What to do -
Leave out the pictures and output the data verbatim.

Data provided -
# # #

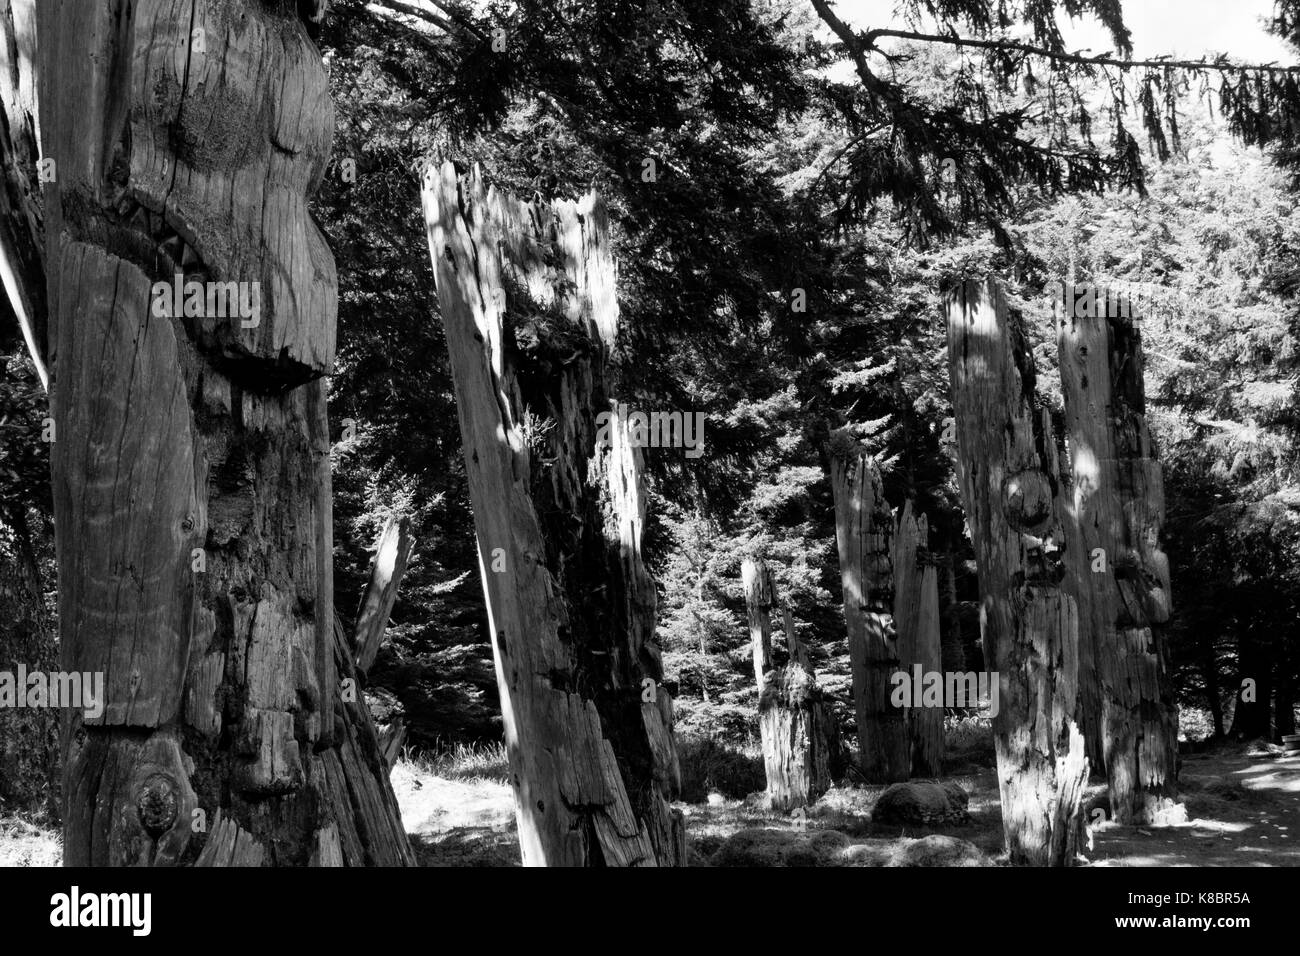 Les poteaux funéraires, également connu sous le nom de totems, de SGang Gwaay world heritage site, Haida Gwaii, Premières Nations, British Columbia, Canada Banque D'Images
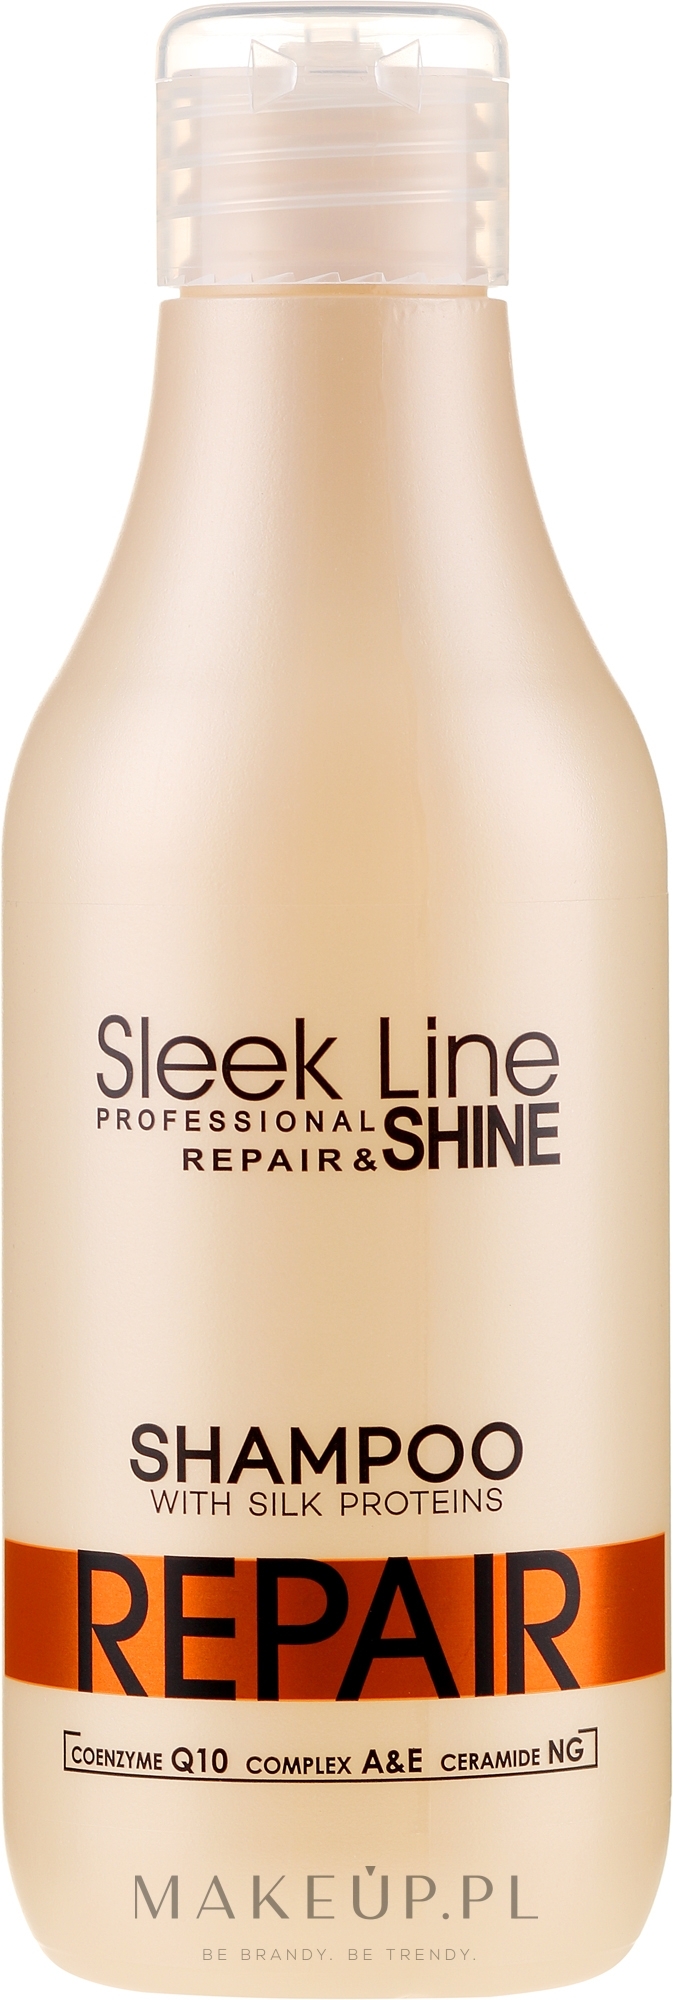 stapiz sleek line repair szampon do włosów wizaz
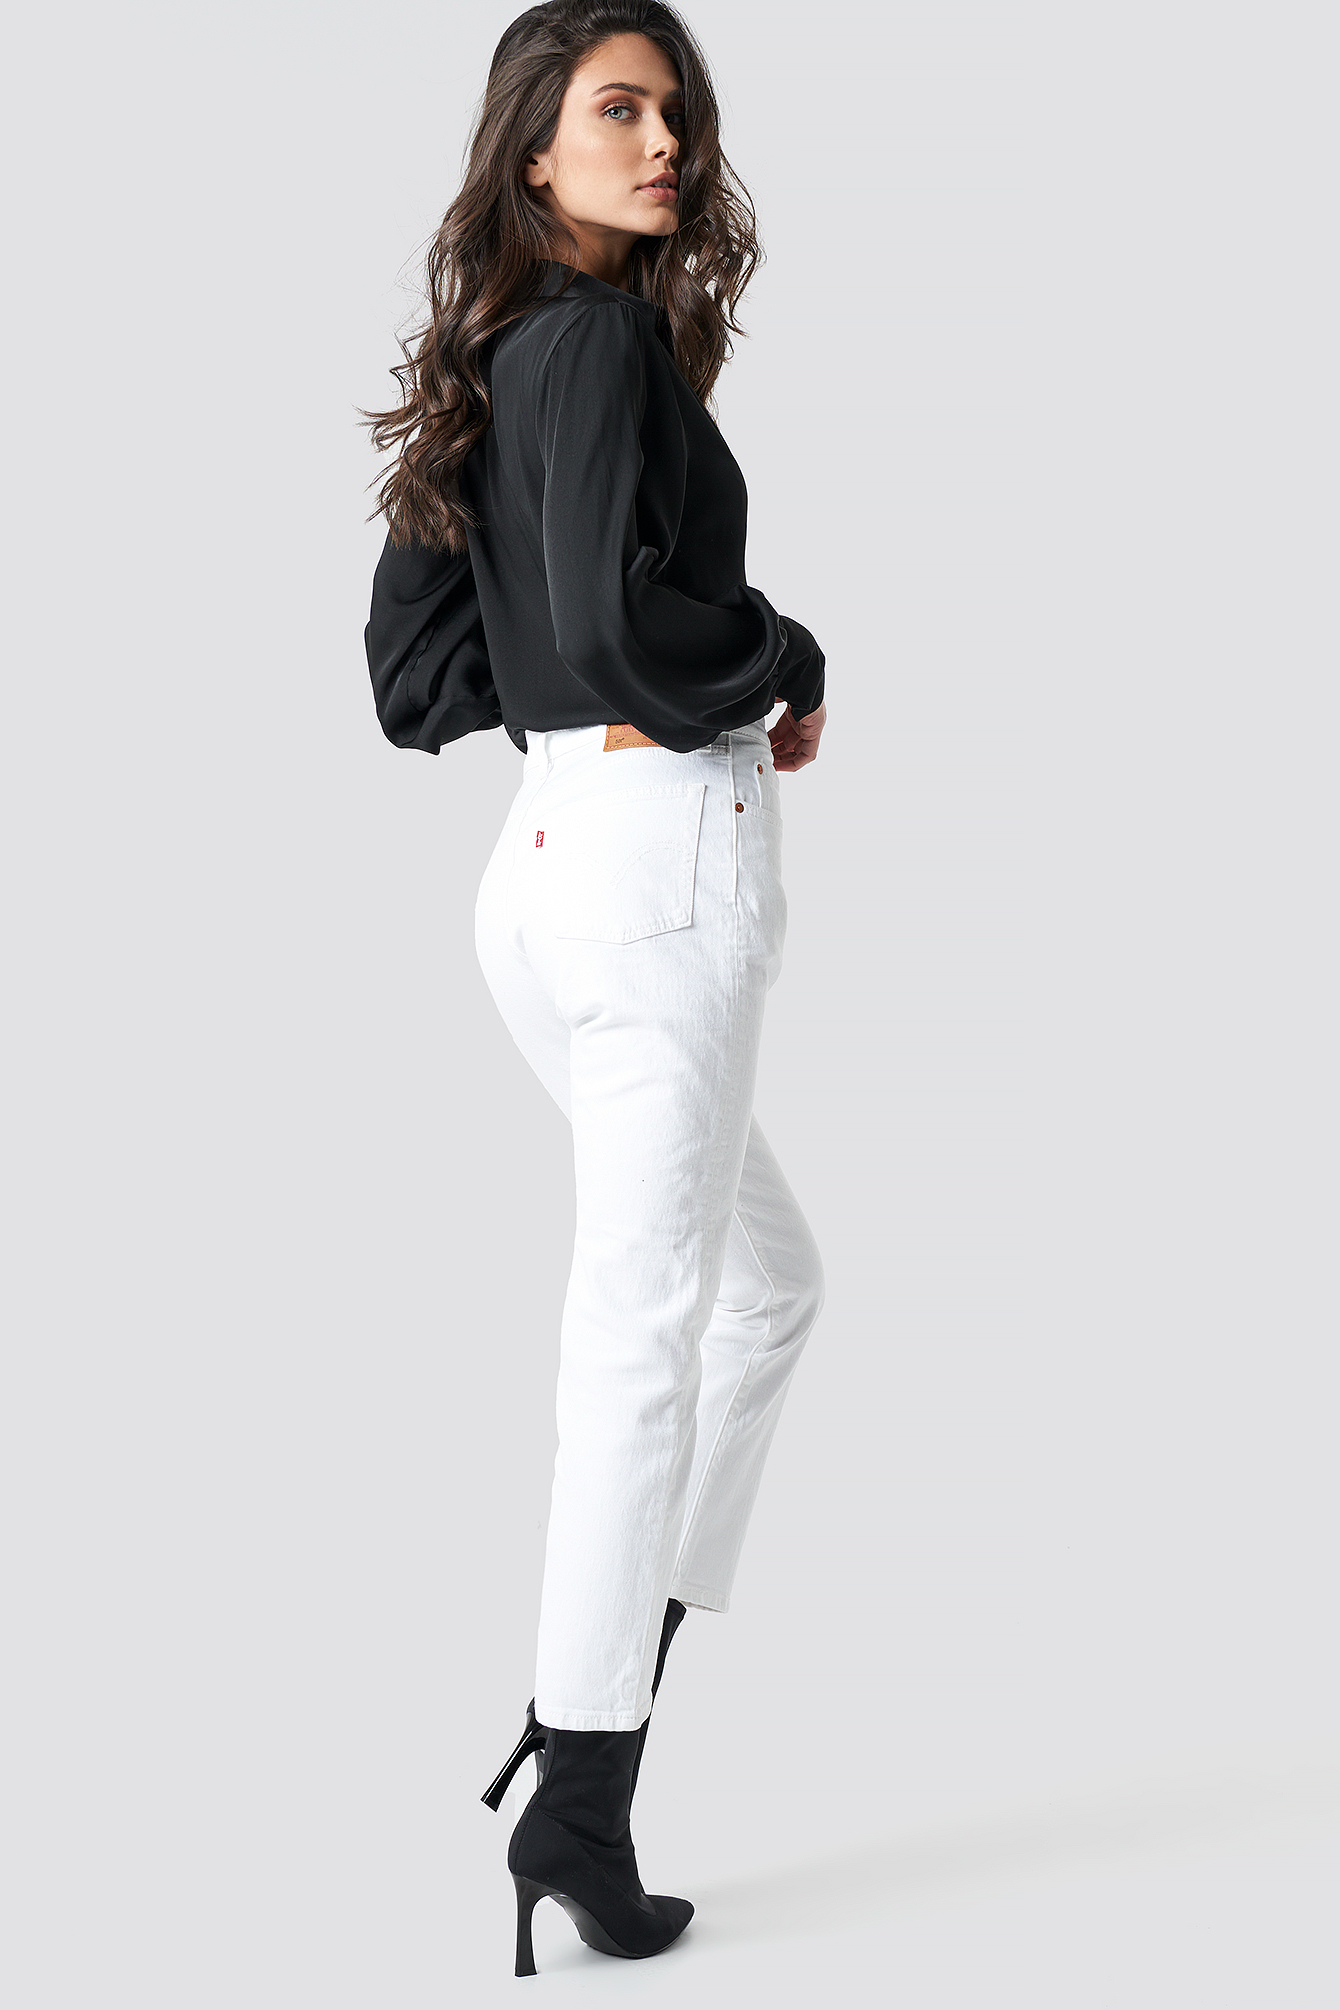 levis 501 jeans white

# # #

Output of the exercise -
 Les poteaux funéraires, également connu sous le nom de totems, de SGang Gwaay world heritage site, Haida Gwaii, Premières Nations, British Columbia, Canada Banque D'Images
 stapiz sleek line repair szampon do włosów wizaz
 levis 501 jeans white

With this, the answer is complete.